Our study is the first to combine two predictors, sleep and stress, regarding BDNF levels. Moreover, we were able to further disentangle the intricate relationship between sleep and stress. This is important since stress-related mood disorders are characterized by multifactorial features and often appear in comorbidity with sleep disorders. Additional strength is that we did not simply compare patients and controls by diagnosis but investigated insomnia severity in all subjects. Emphasized by the fact that consideration of diagnosis as covariating factor did not affect our main results; the possibility that our findings are biased by diagnosis is ruled out. Therefore we are able to make statements about the consequences of insomnia in general rather than related to a specific clinical diagnosis. This is important with regard to underlying mechanisms independent of a diagnosis. In sleep healthy subjects we noted a strong association between stress and serum BDNF levels. This could indicate that in these subjects stress results in decreased BDNF levels, while this association was diminished in sleep disturbed subjects. A reasonable argument could be that chronic sleep loss, probably caused by stress, is associated with reduced circulating serum BDNF in general, as well as an impaired stress adaptation system.

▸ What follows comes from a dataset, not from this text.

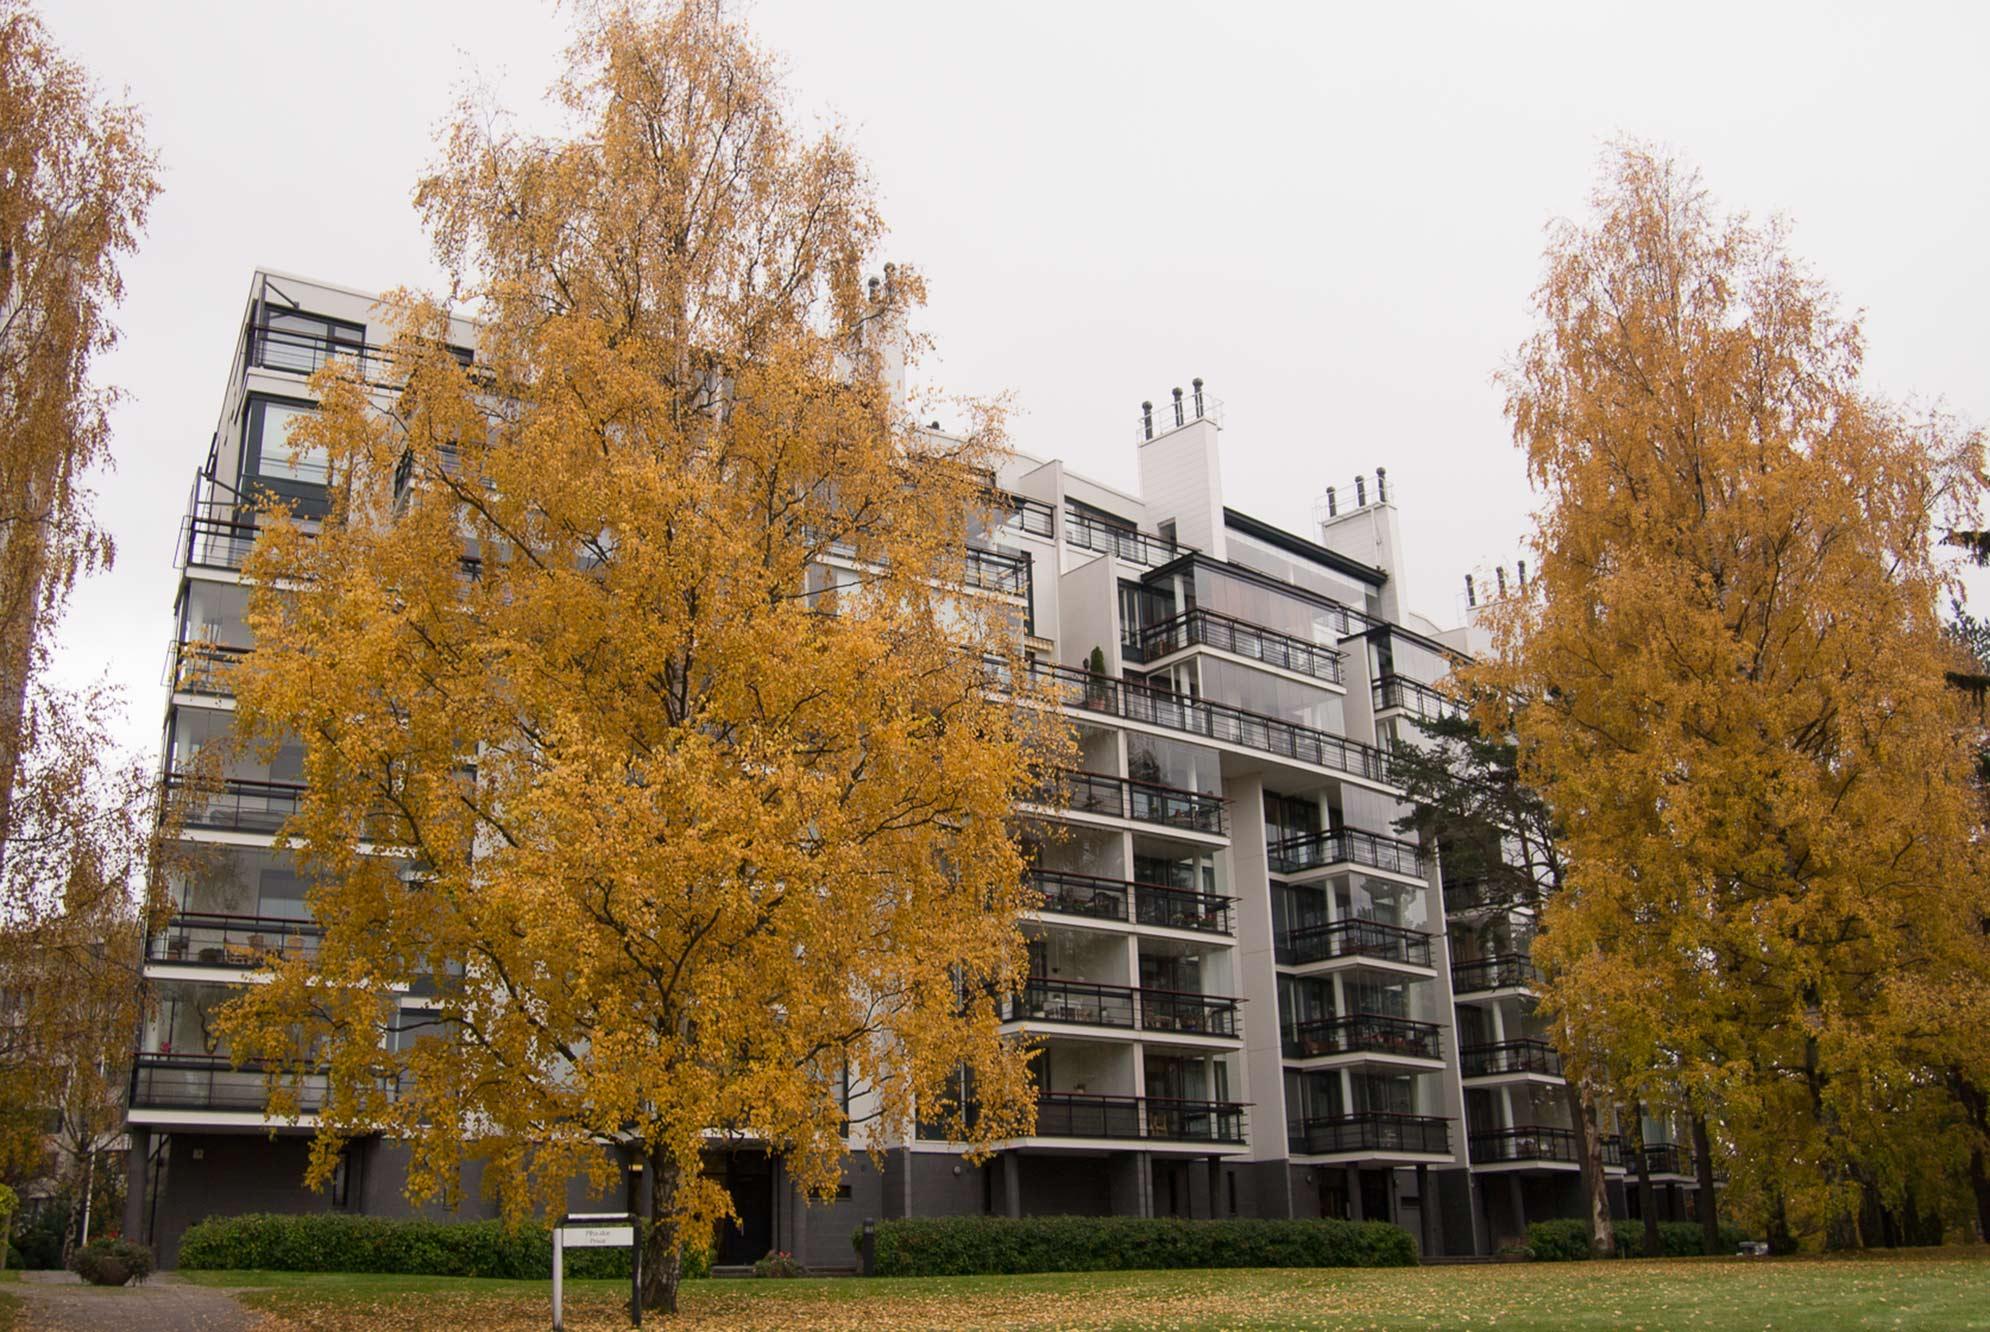 edificios-acristalados-Lumon-norte-europa-1

This study has also some limitations. First, there could be various other biological factors influencing BDNF levels, which were not analyzed in this study such as physical activity [42], alterations in neurotransmitter and hormone production and function, cytokines [43], as well as genetic and epigenetic mechanisms [44], [45]. Second, in this study only total serum BDNF was investigated, neglecting the individual isoforms pro- and mature BDNF. Both isoforms are considered to transmit important, opposing cellular effects via their appropriate receptors p75 neurotrophin receptor (p75NTR) and tropomyosin-related tyrosine kinase receptor B (TrkB). Recently, Yoshida and coworkers could demonstrate the measurement of pro- and mature BDNF from human serum of healthy subjects for the first time [46]. Therefore, it would be beneficial to especially quantify individual levels of pro- and mature BDNF to reveal if reduced levels of total serum BDNF are driven by an imbalance of either pro- or mature BDNF, which was already shown for patients suffering from major depression [47]. Subsequent studies should, next to total levels of peripheral BDNF, focus on individual isoforms, since they could unfold complementary information regarding a decrease or increase of BDNF protein and the corresponding biological mechanisms.

Third, further studies should examine other biological correlates of sleep impairment, difficulties in stress coping and elevated stress perception. Fourth, studies on patients with specific sleep-related disorders, especially primary insomnia, or with experimentally induced sleep restriction have to be conducted to generalize these results. Therefore, we suggest that future studies should investigate – next to subjective psychological stress ratings – objective endocrine stress parameters, such as cortisol and a greater sample size should be aspired. Fifth, there might be additional cofactors that were not assessed, such as co-morbidly existing somatic, e.g. pain perception, psychiatric disorders and related impairment of cognition [48] or nutritional intake.

Conclusions

To the best of our knowledge, this is the first study to show that stress experience and subjective sleep perception interact with each other and affect BDNF levels. We suggest that this interplay is involved in the pathology of stress-associated mental disorders. We add new weight to our previous suggestion [20] to seriously consider the assessment of sleep when analyzing BDNF as a marker in stress-related mood disorders, since several studies have found decreased levels of serum BDNF in various stress-related mental disorders, such as depression [14], [49], posttraumatic stress disorder [50] and burnout syndrome [46], all of which are associated with sleep-related problems. The underlying biological mechanisms, e.g. involvement of the stress hormone system, have to be elucidated in future studies.